→ **Data below**:

┌────────

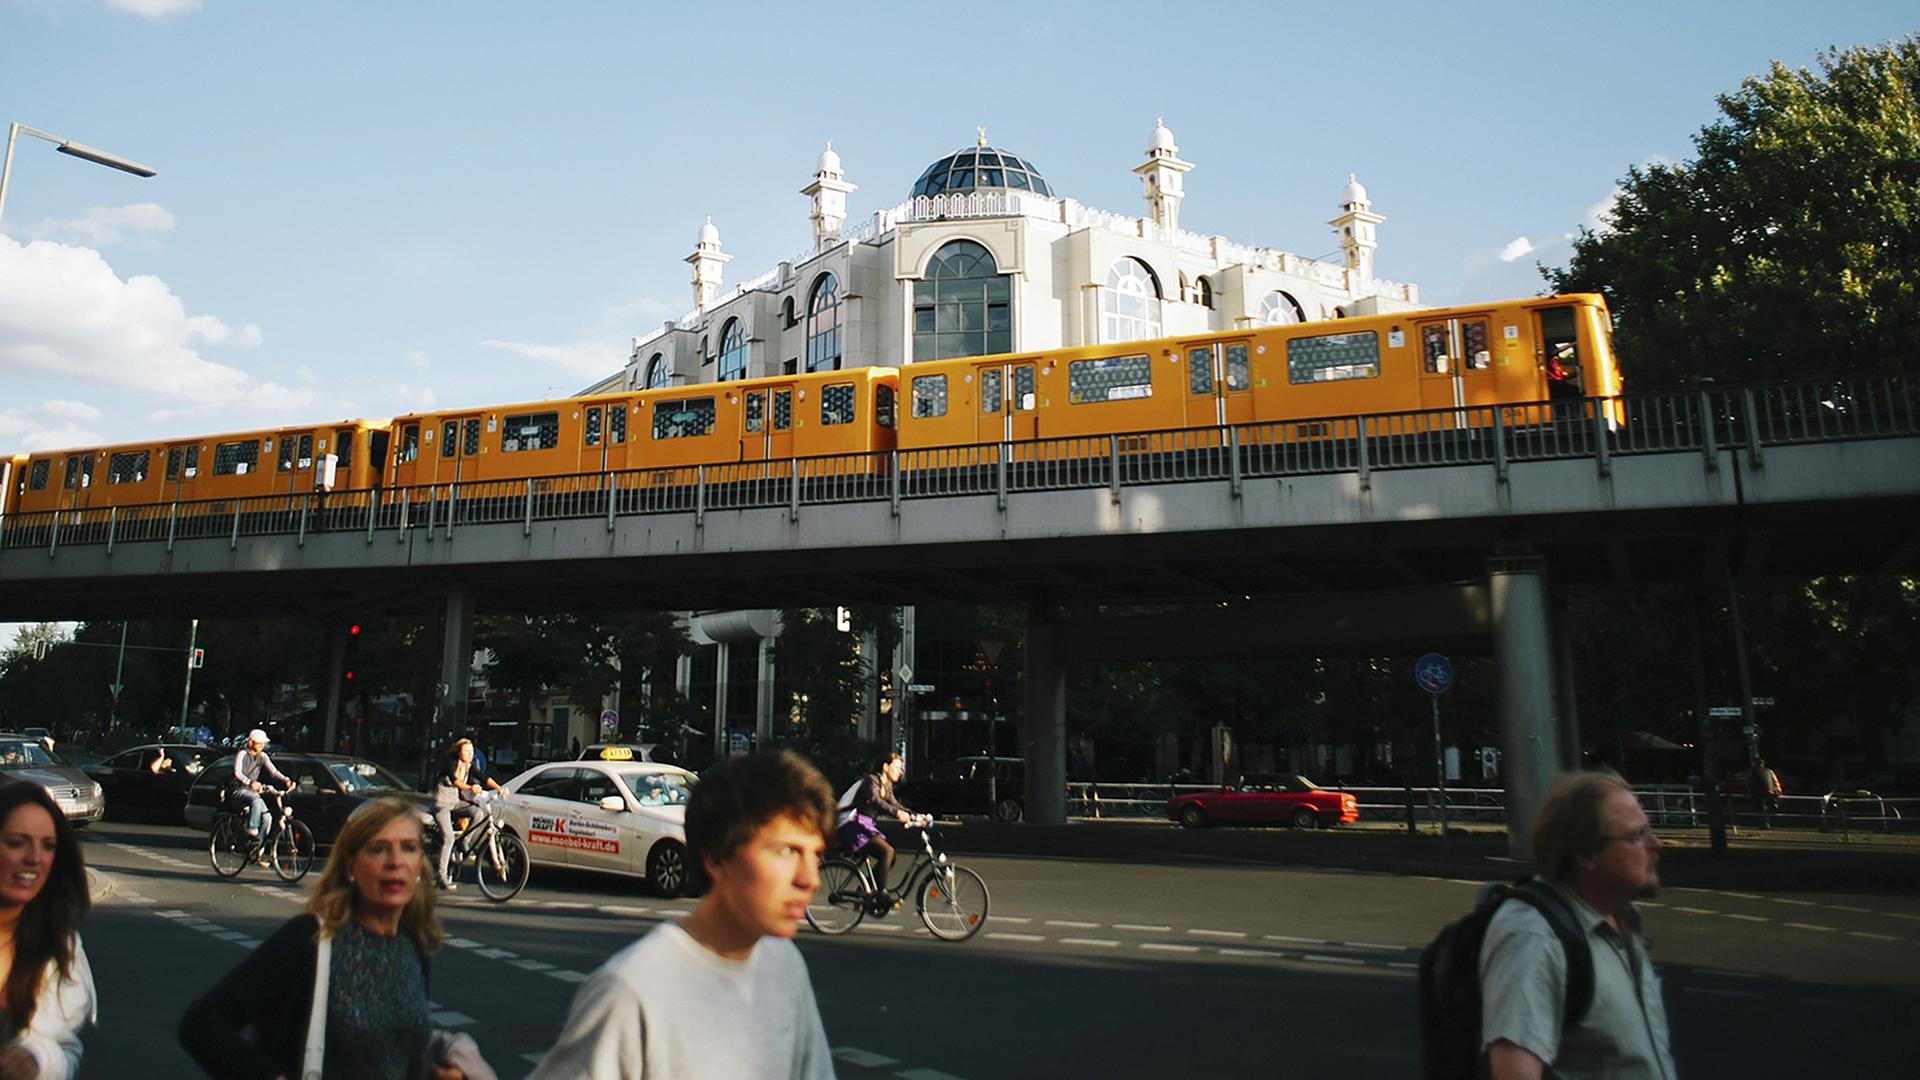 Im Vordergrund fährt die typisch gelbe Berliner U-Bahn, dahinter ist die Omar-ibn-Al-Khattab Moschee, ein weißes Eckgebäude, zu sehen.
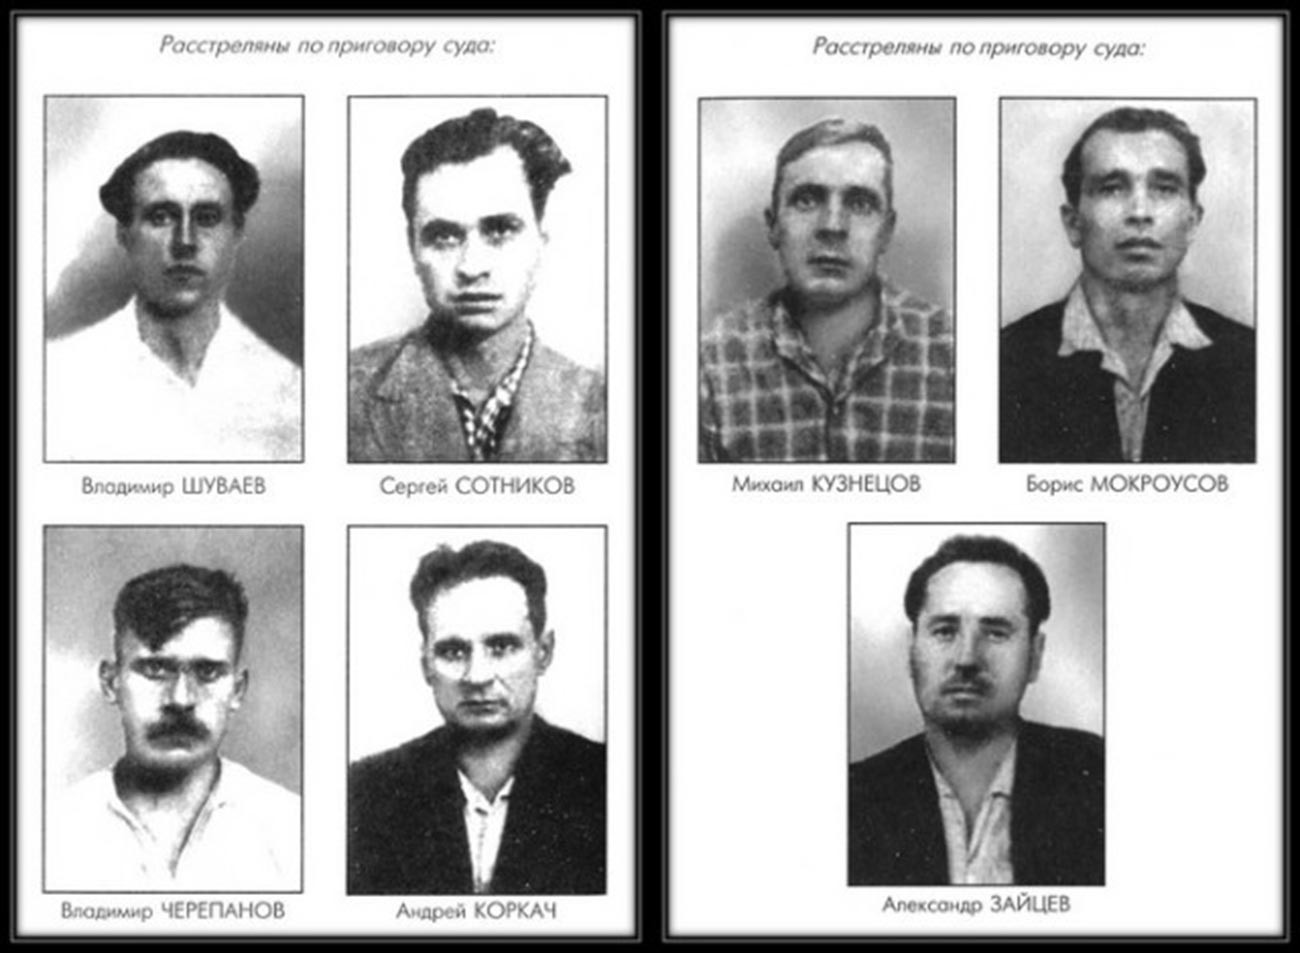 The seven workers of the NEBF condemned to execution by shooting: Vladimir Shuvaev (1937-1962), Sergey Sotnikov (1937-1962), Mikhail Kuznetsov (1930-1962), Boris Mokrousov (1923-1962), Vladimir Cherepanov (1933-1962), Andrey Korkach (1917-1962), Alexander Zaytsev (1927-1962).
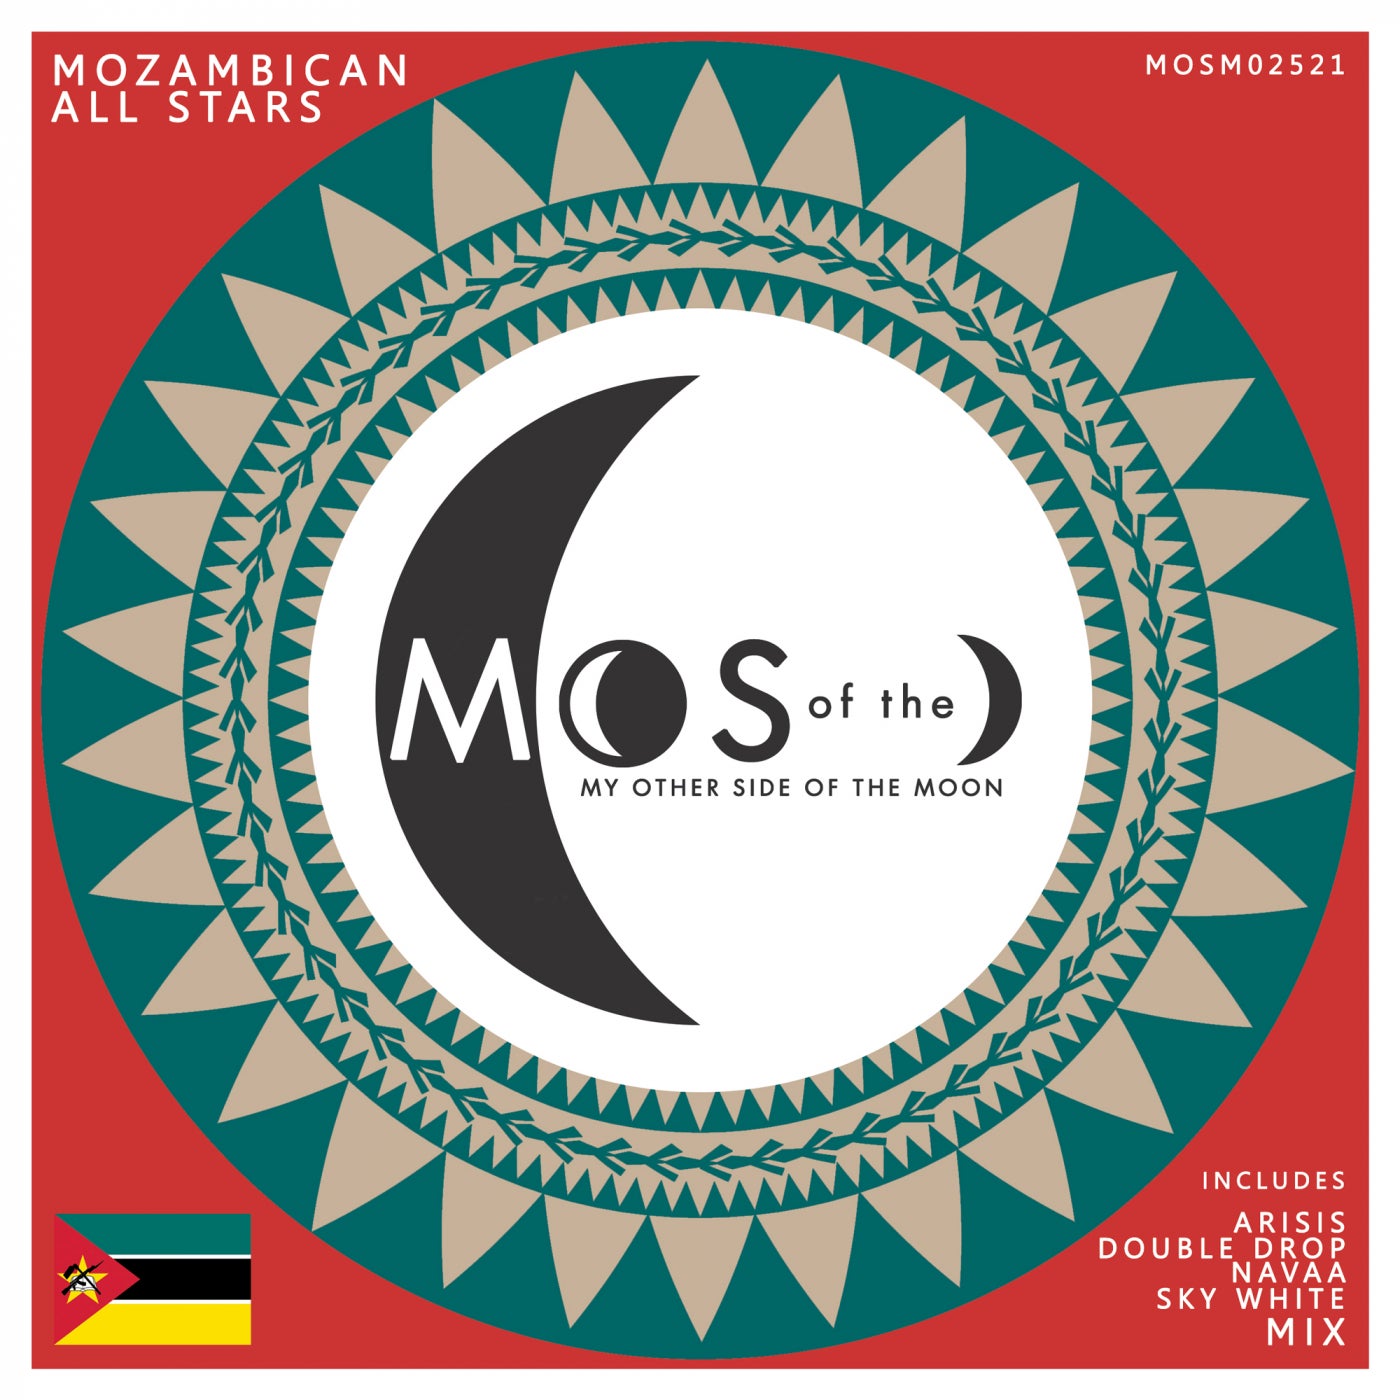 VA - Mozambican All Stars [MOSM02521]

└────────

→ **Problem statement**: Everything in the material above should be reproduced exactly, except the pictures.

→ **Written solution**:
 Im Vordergrund fährt die typisch gelbe Berliner U-Bahn, dahinter ist die Omar-ibn-Al-Khattab Moschee, ein weißes Eckgebäude, zu sehen.
 The seven workers of the NEBF condemned to execution by shooting: Vladimir Shuvaev (1937-1962), Sergey Sotnikov (1937-1962), Mikhail Kuznetsov (1930-1962), Boris Mokrousov (1923-1962), Vladimir Cherepanov (1933-1962), Andrey Korkach (1917-1962), Alexander Zaytsev (1927-1962).
 VA - Mozambican All Stars [MOSM02521]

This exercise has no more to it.